Denote by \(\nu ^R\) the second marginal of \(\pi ^R\). Consequently, \(\nu ^R\) converges to \(\nu \) for the \({\mathcal {W}}_1\)-distance and \(\nu ^R \le _c \nu \) for all \(R > 0\).
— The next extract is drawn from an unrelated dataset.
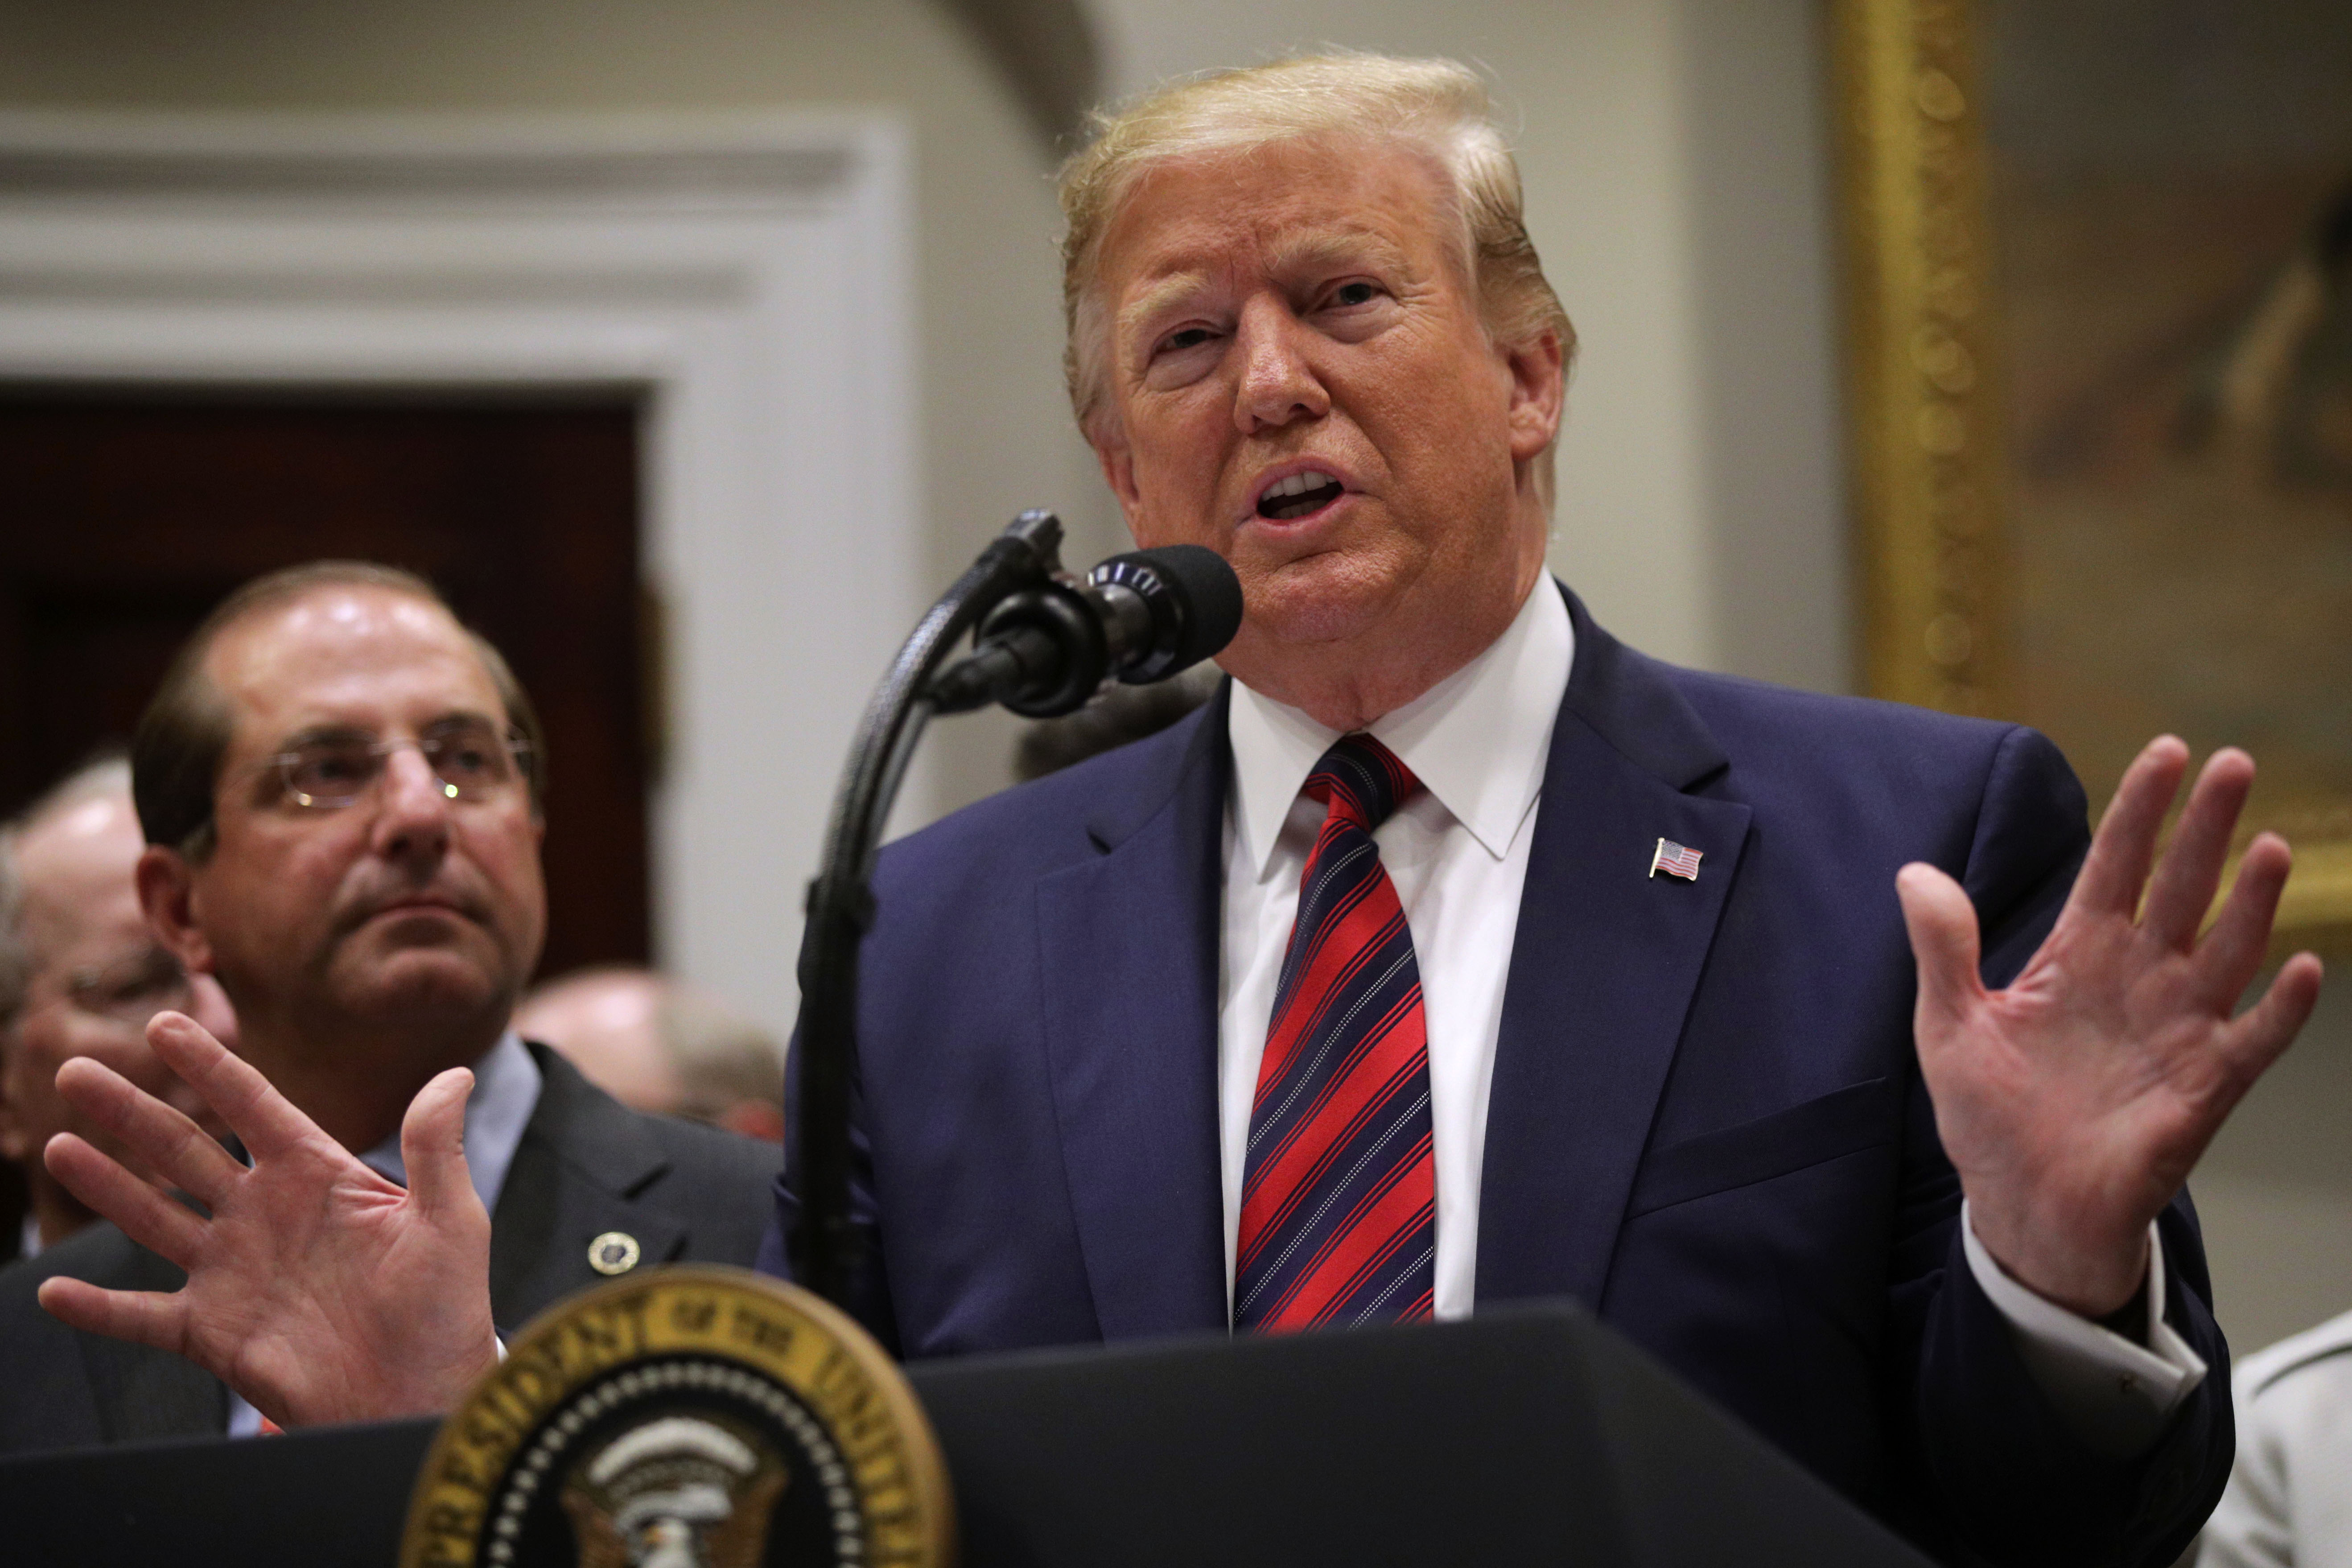 U.S. President Donald Trump speaks as Secretary of Health and Human Services Alex Azar listens during a Roosevelt Room event at the White House May 9, 2019 in Washington, DC. (Credit: Alex Wong/Getty Images)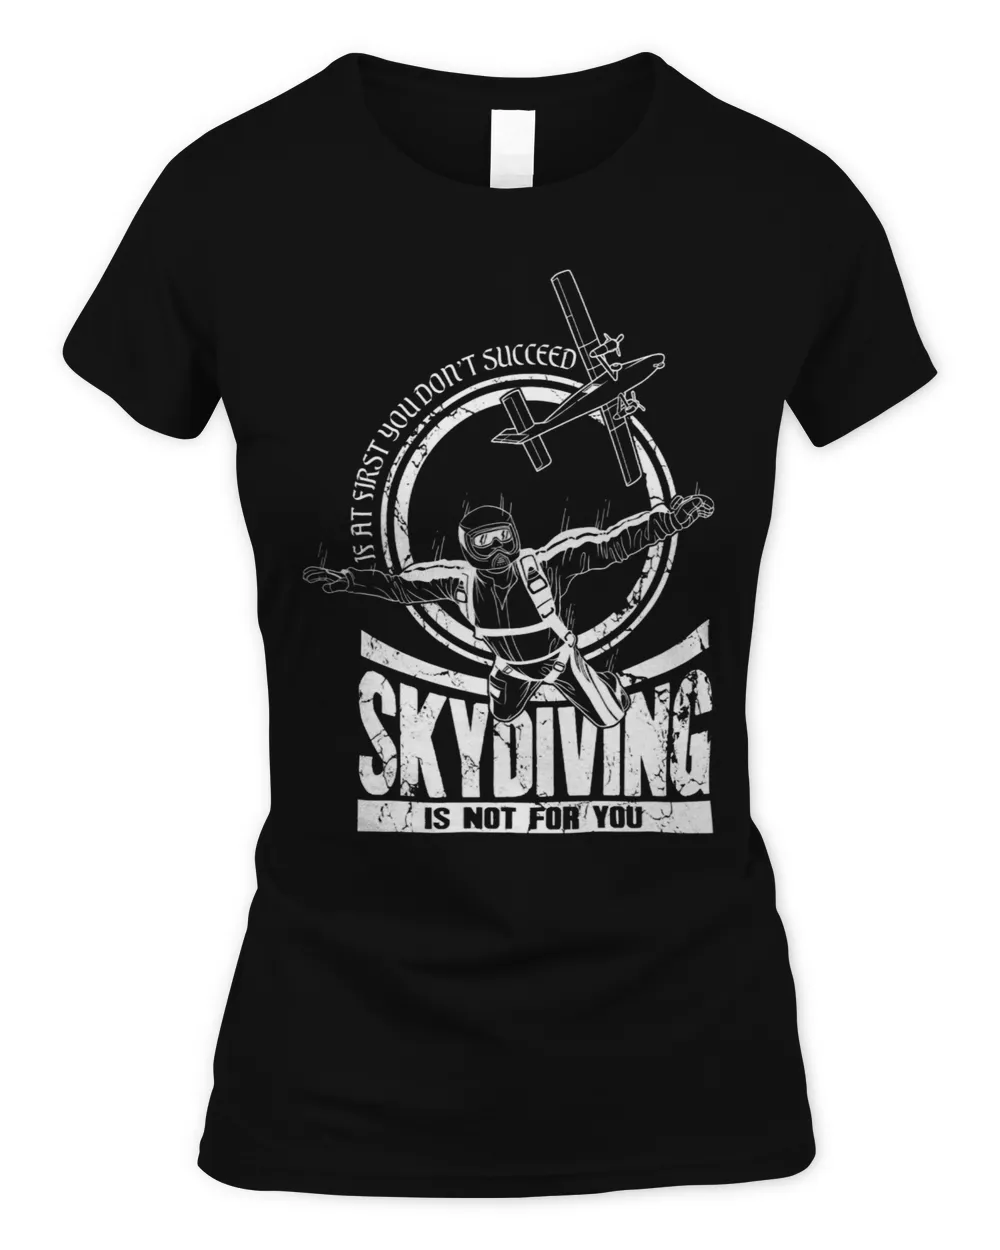 Skydiving Gift If At First You Dont Succeed Skydiving Is Not For You 3

Let \({\tilde{a}}\) and \({\tilde{b}}\) be real numbers such that \({\tilde{a}}\in (\ell ,a)\) and \({\tilde{b}}\in (b,\rho )\), for instance

$$\begin{aligned} {\tilde{a}} = \frac{\ell +a}{2} \vee (a-1) \text { and } {\tilde{b}} = (b + 1) \wedge \frac{b+\rho }{2}. \end{aligned}$$

Since \((\mu ,\nu )\) is irreducible on I, according to Remark 2.4, \(\nu \) assigns positive mass to any neighbourhood in \({\overline{I}}\) of the endpoints \(\ell \) and \(\rho \) of I. From now on, we use the notational convention that for all \(c\in \mathbb {R}\cup \{\pm \infty \}\),

$$\begin{aligned}{}[-\infty ,c)=\{x\in \mathbb {R}\mid x<c\},\quad (c,+\infty ]=\{x\in \mathbb {R}\mid c<x\}\quad \text {and}\quad [-\infty ,+\infty ]=\mathbb {R}. \end{aligned}$$

In particular, \({\overline{I}}=[\ell ,\rho ]\subset \mathbb {R}\).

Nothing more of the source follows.